Along with 16-bit microcontrollers (MCUs), there are some very attractive DSPs that perform like MCUs, yet have real DSP capabilities. The typical DSP works on 16-bit data and is managed by a host processor—a microprocessor (MPU) or MCU that sets up the DSP; performs scheduling, data processing, and control functions; and manages the entire system. A few vendors now offer these blended processors by combining the attributes of both.

Such blended MCU-DSPs have the Harvard-style bus structure that lets a DSP access two or three memory spaces at once, as well as the fast single-cycle MAC operations. Bit manipulation, logical operations, conditional branching, software stacks, and intricate memory indexing add to the normal DSP functions of single-cycle multiply-accumulates (MACs), modulo addressing and circular buffers, no-overhead looping, overflow handling, and flexible interrupt structure. With numerous peripheral circuits on board to help the blended processor, these parts can be very powerful.

Blended MCU-DSPs typically perform comparably to 16-bit MCUs, challenging traditional DSPs at the same clock rate. Applications such as higher-end motor control, mid-range telephony, datacom, consumer audio, uninterruptible power supplies, industrial, and certain automotive applications benefit from fewer chips. The second chip consumes space and power, adds cost, and tacks on that many more pins to solder down and test. Eliminate it and that's one less chip to be ordered and inventoried, and maybe one less vendor to qualify on the bill of materials.

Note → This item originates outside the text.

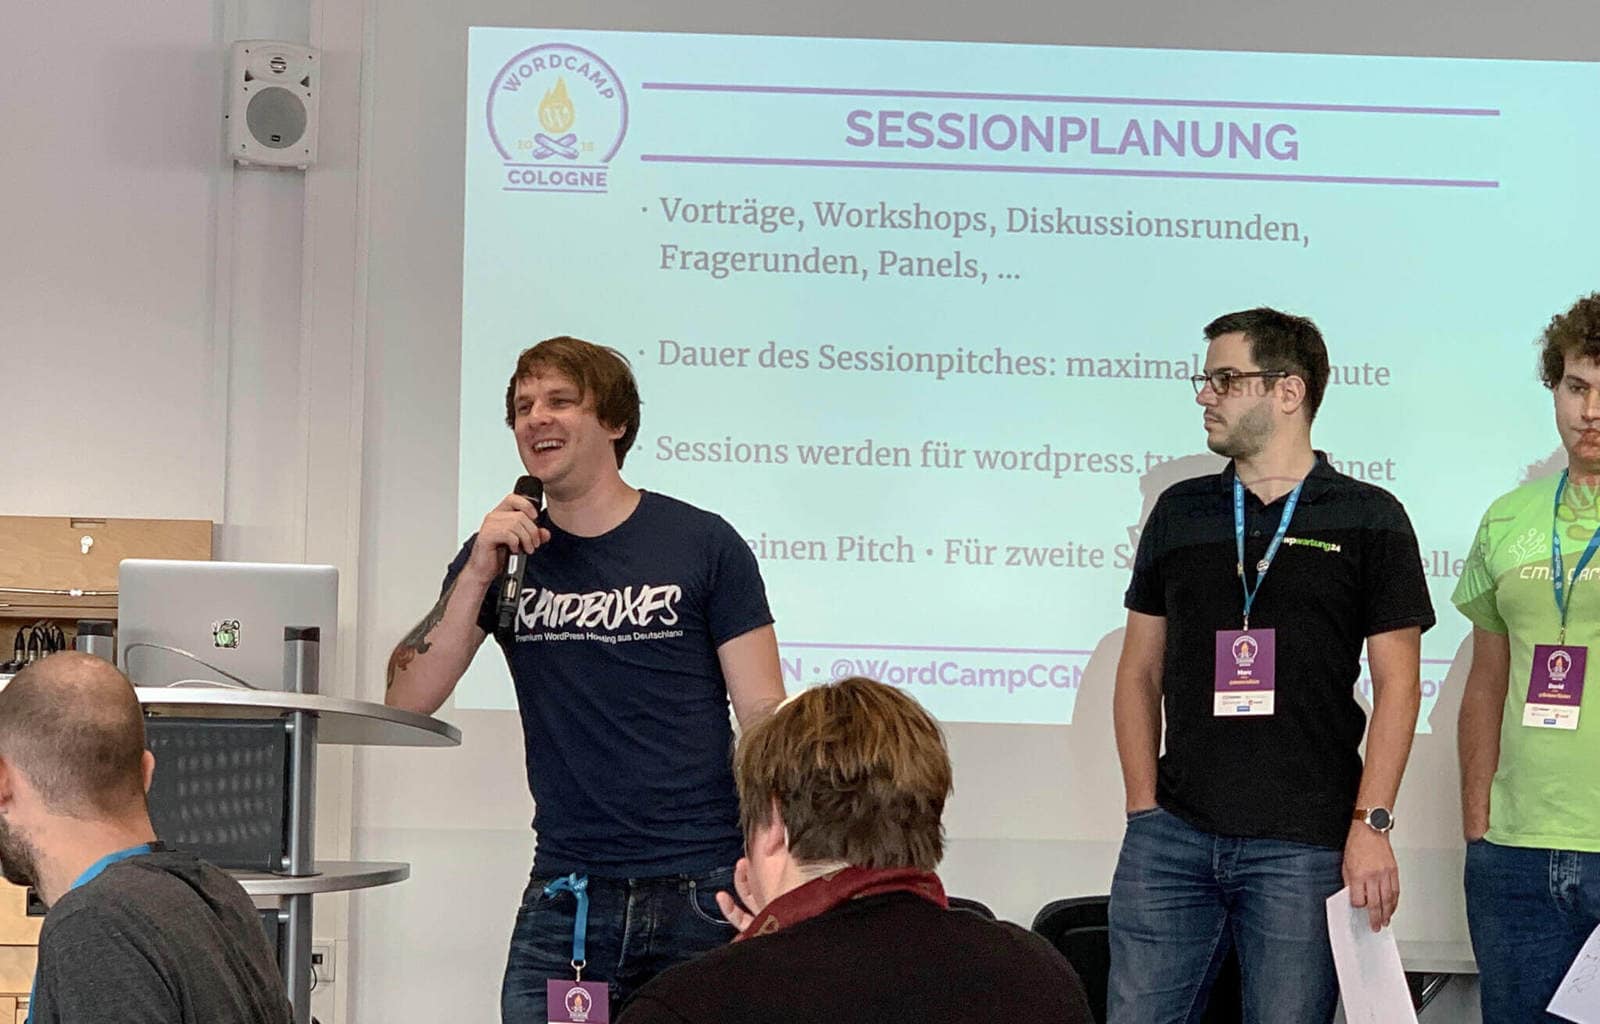 WordCamp di Colonia: Matthias von Raidboxes al pitch della sessione
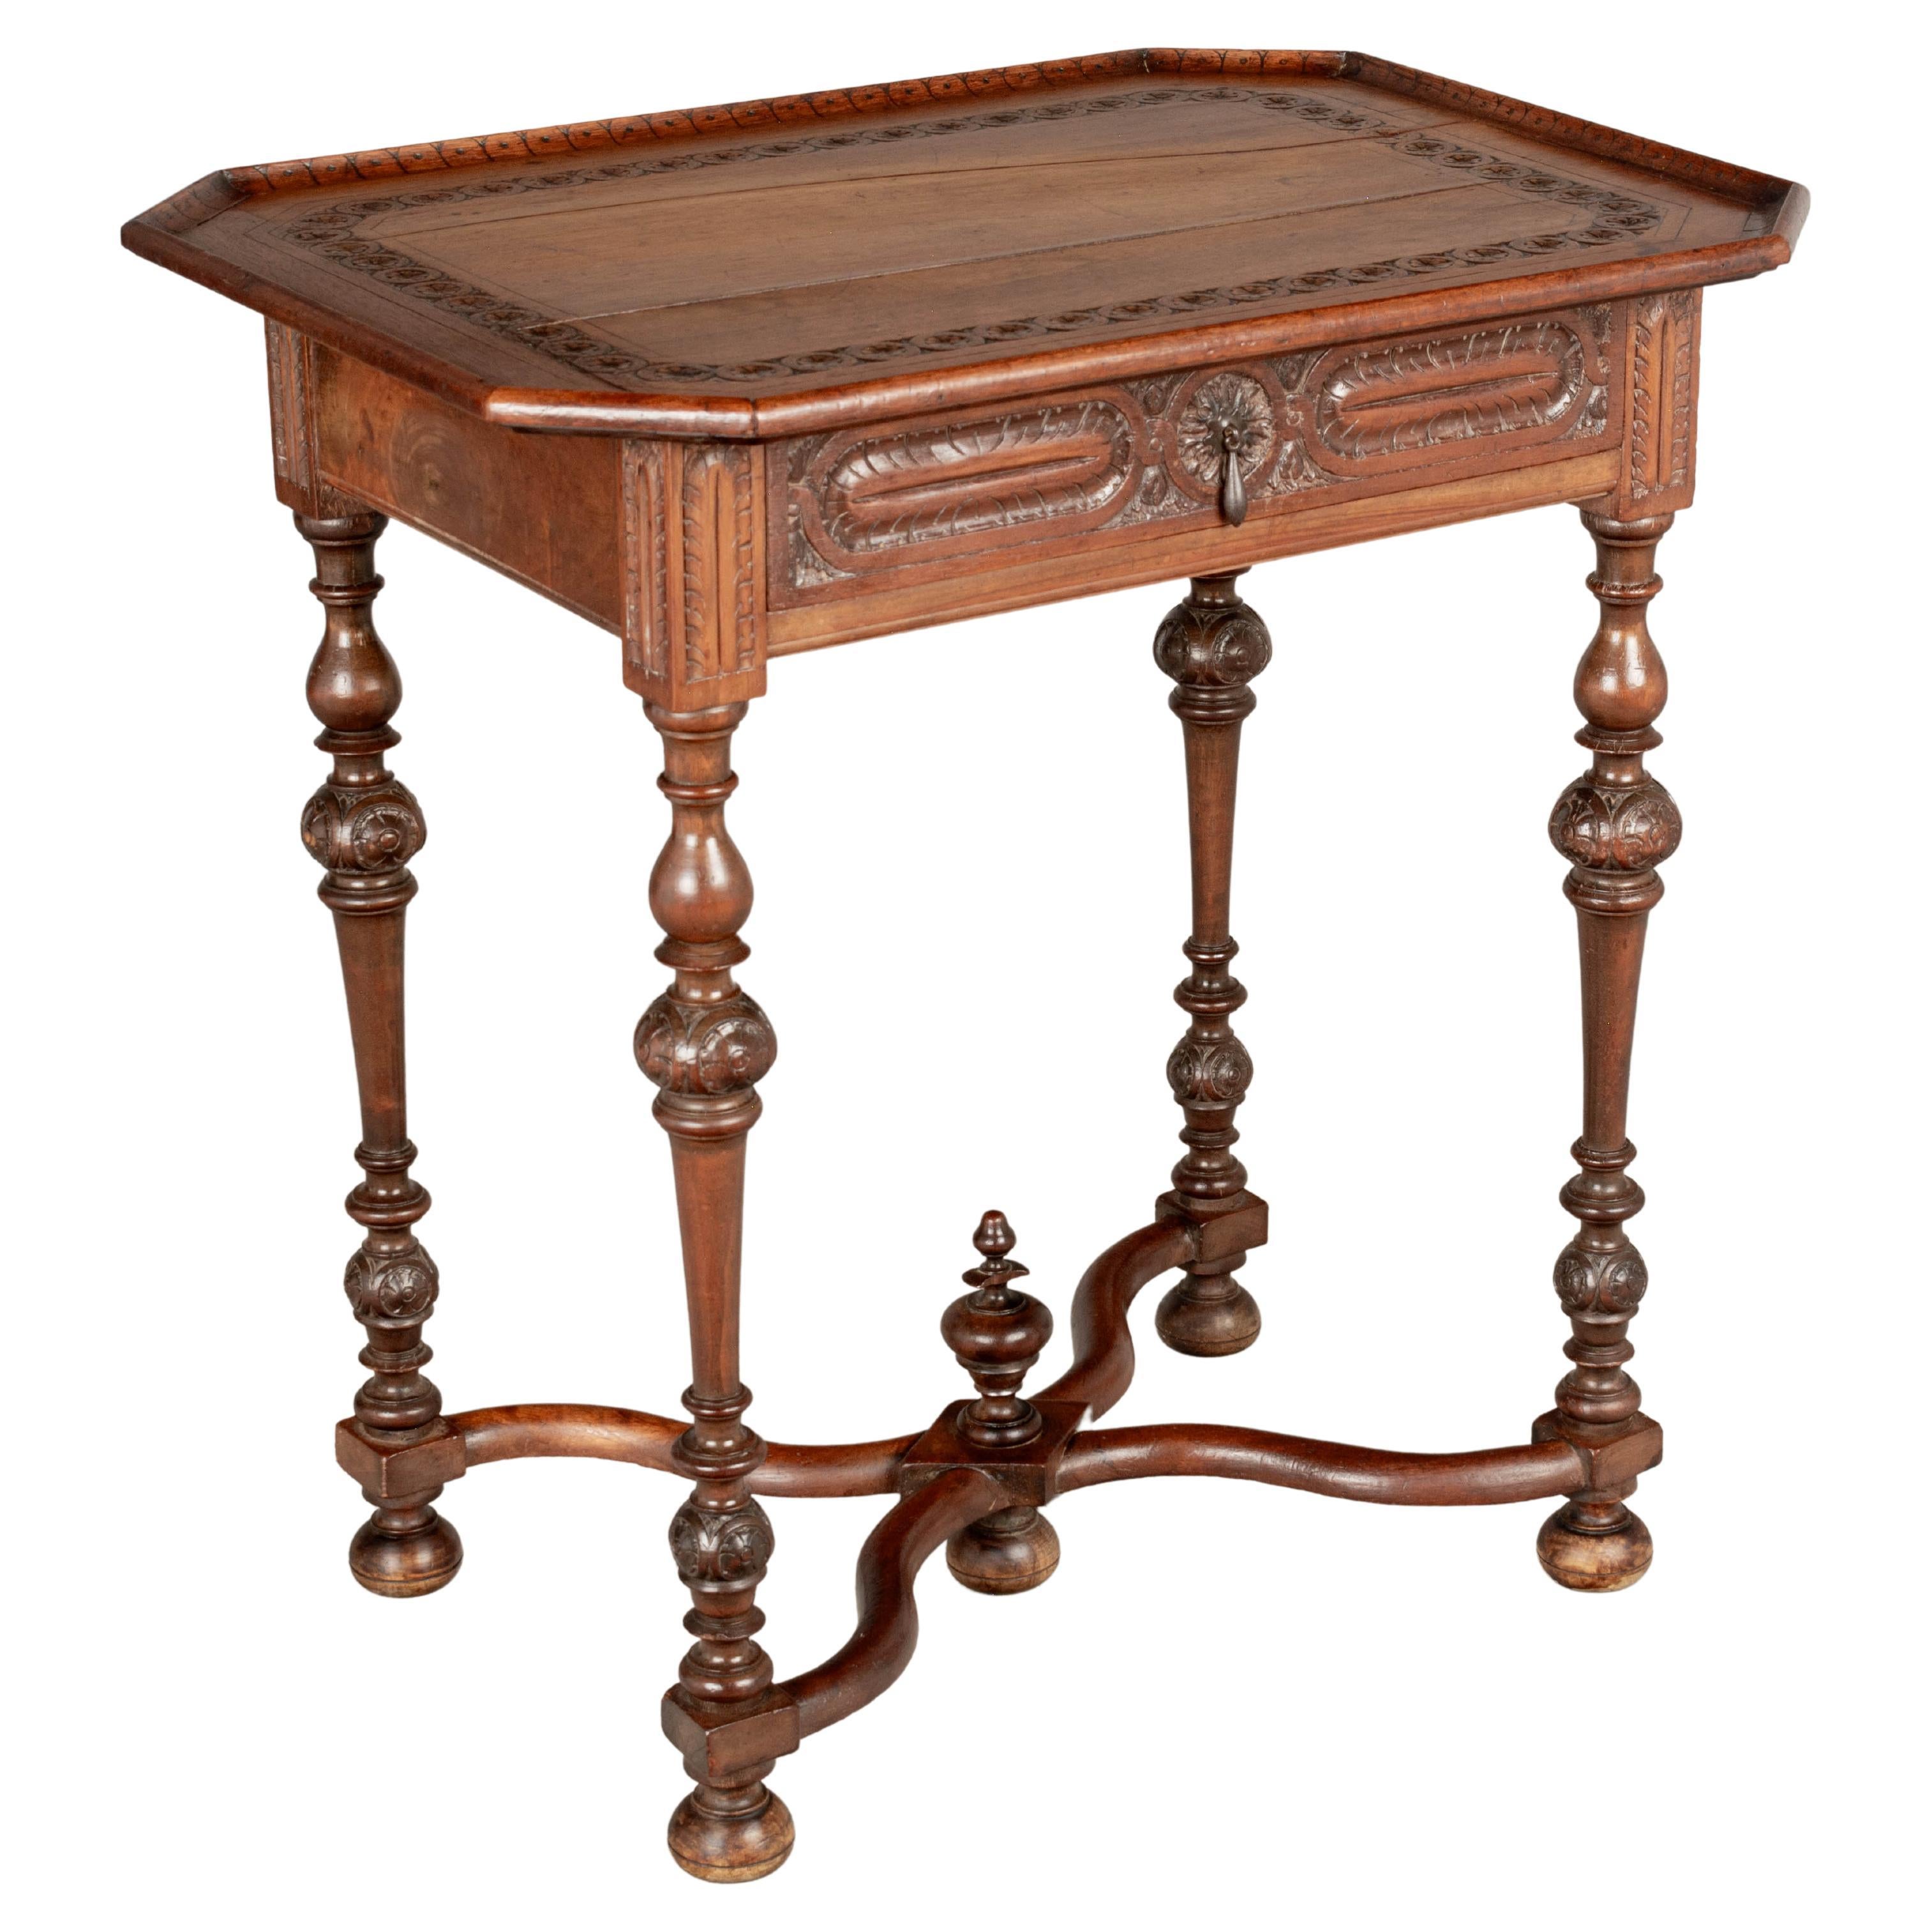 Table d'appoint en noyer de style Louis XIII

For many years, Motorola has sold a blended MCU-DSP. The 56800 DSP family includes 16-bit 56000 DSPs with registers, addressing, and controller instructions modeled after the 68HC11 MCU and a bit of the 68000 MPU. A few years ago, Motorola revamped the design with a faster, enhanced version. It now offers a dozen or so parts, many flash-based, running up to 120 MHz.

Texas Instruments brought out a DSP with MCU instructions about five years ago. But the 'C2700 architecture faded away once it failed to gain a foothold in the disk-drive industry for which it was targeted.

Two years ago, Microchip announced that it would enter the 16-bit MCU market with a new blended MCU-DSP architecture. The "dsPIC" is still being worked on, but 20 configurations are shown. Digital signal processing requires more sophisticated programming, so hopefully Microchip can remove some of the fear that engineers may have in stepping into DSP, as they did with MCUs.

Working out the interdependencies between control code and signal processing code may be more difficult with far more resources being shared in a blended chip. But in separate chips, this can be more cumbersome simply because the same development tool might not support both the MCU and DSP, which could come from different vendors. At least with the blended chip, the tools and the compiler will obviously support both the control code and the DSP code as it is one and the same.